# [Requirement]
Restate each of the lines below word for word and drop every picture.

# [Material provided]
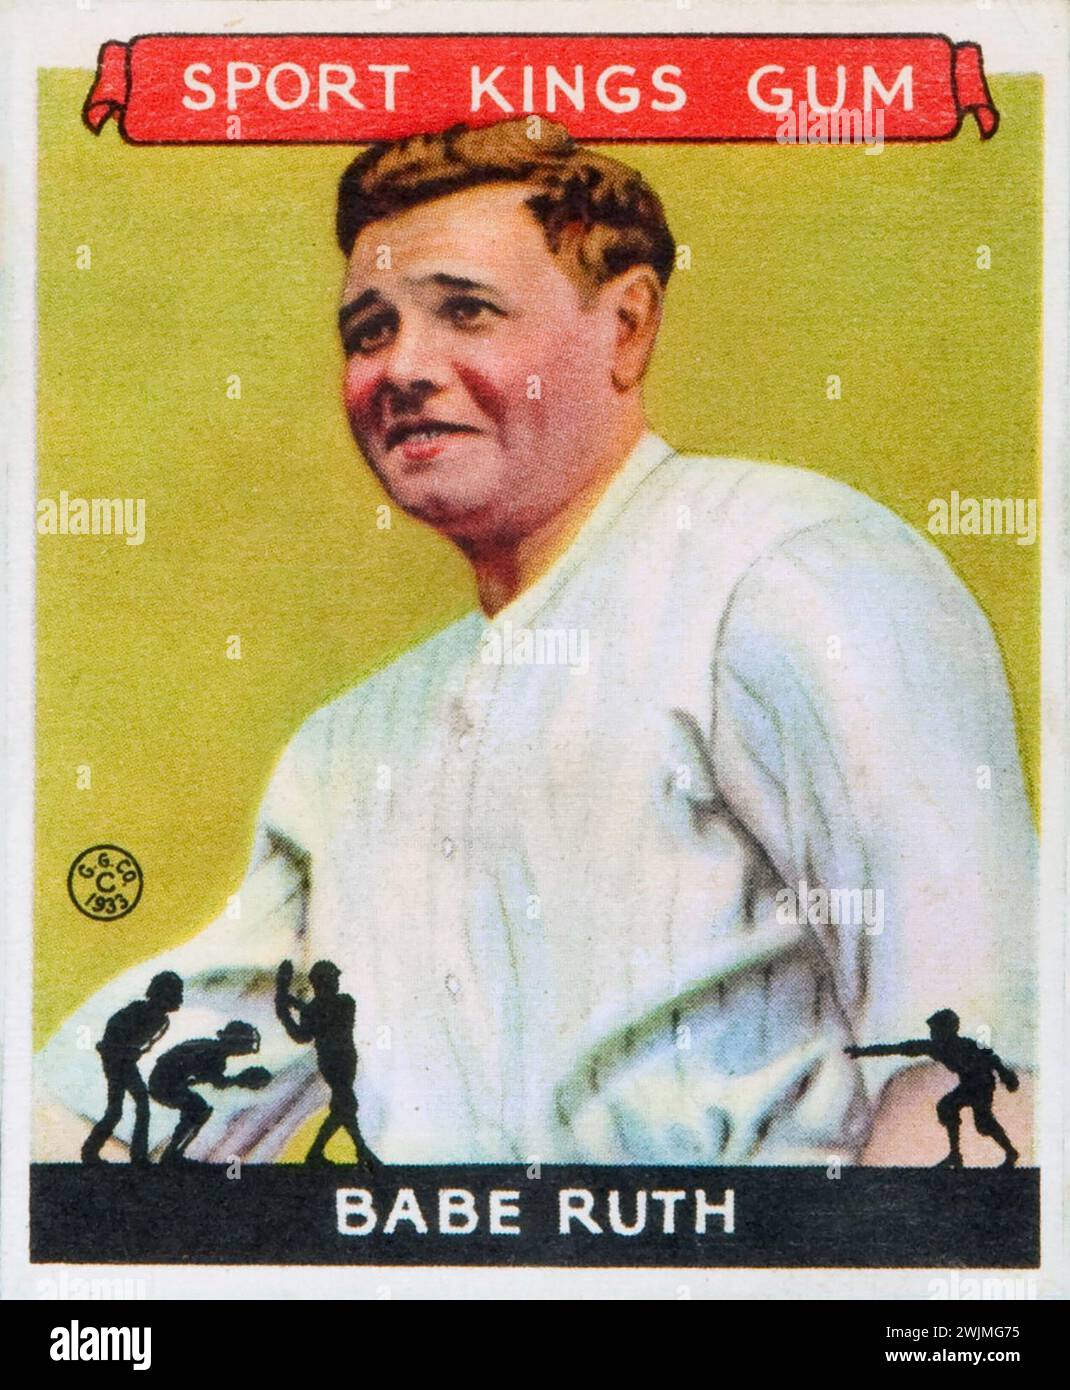 Goudey Sport Kings Gum, bubble gum, Baseball Card feat. Babe Ruth, 1933 Stock Photo
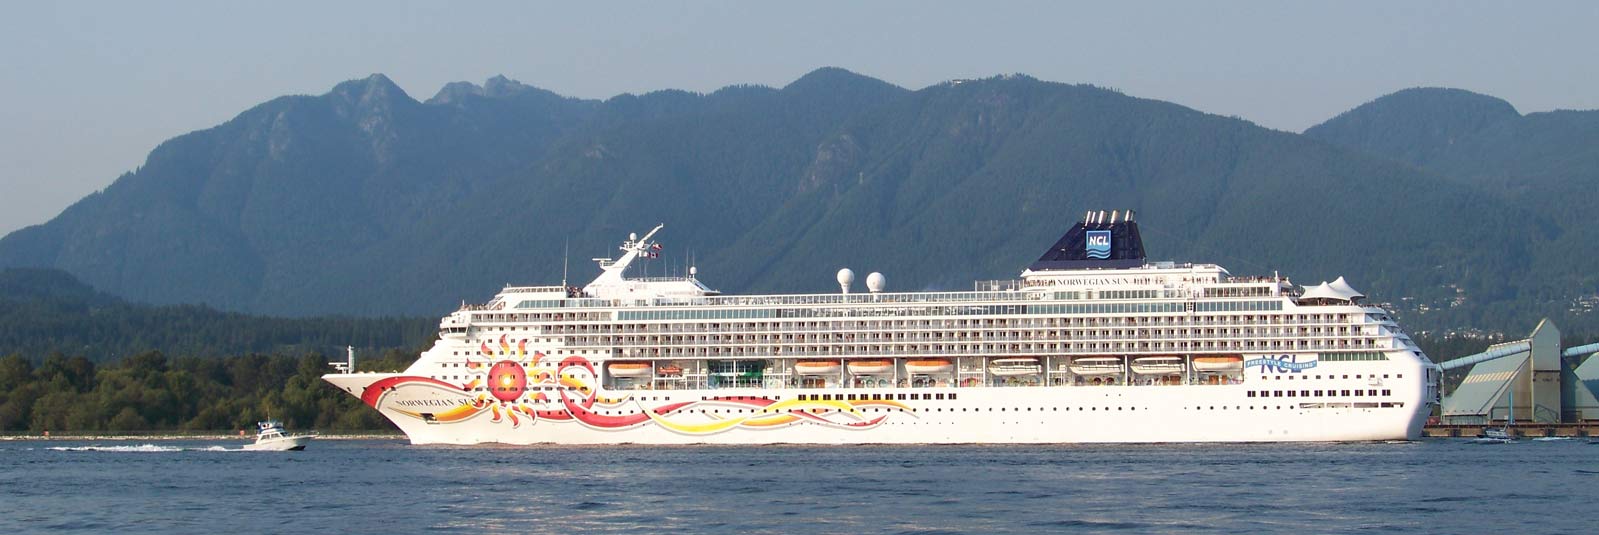 Bahamas Cruises.jpg
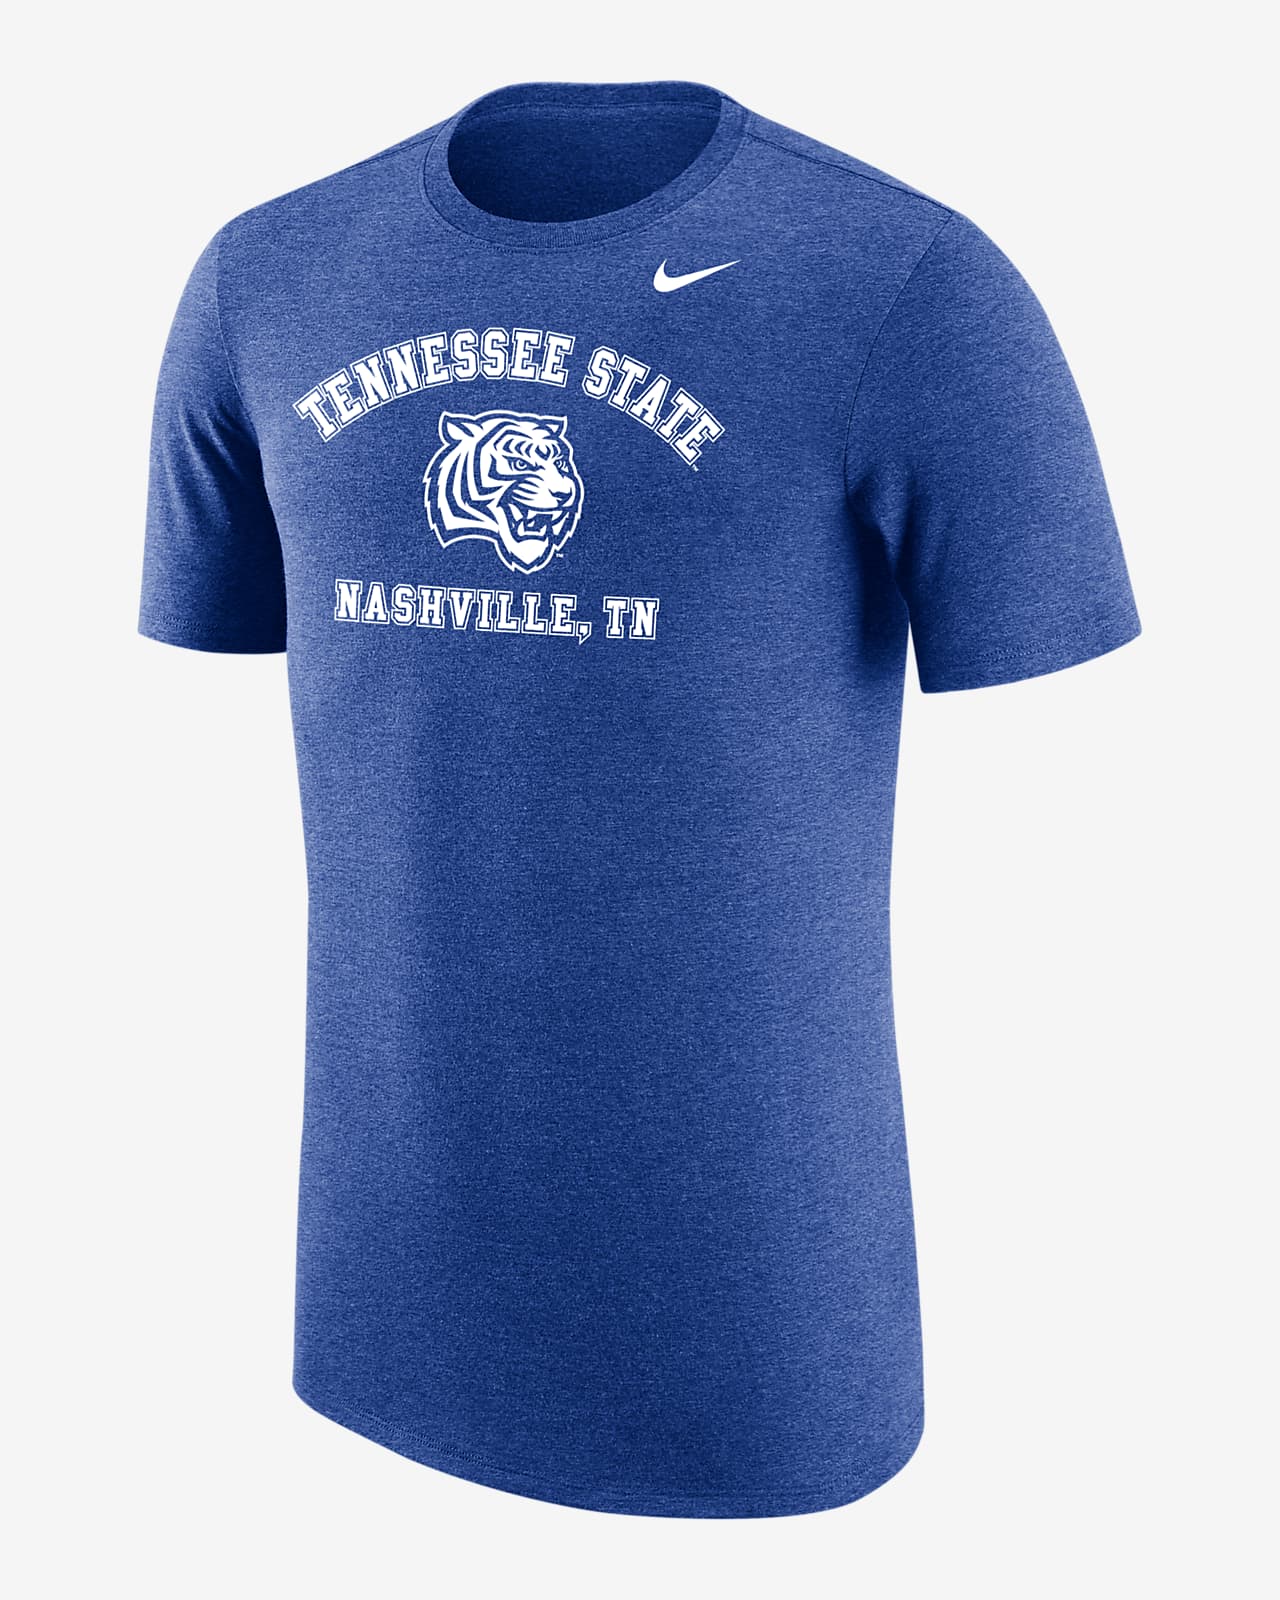 Playera universitaria Nike para hombre de Tennessee State

# [Your solution]
 Goudey Sport Kings Gum, bubble gum, Baseball Card feat. Babe Ruth, 1933 Stock Photo
 Bahamas Cruises.jpg
 Playera universitaria Nike para hombre de Tennessee State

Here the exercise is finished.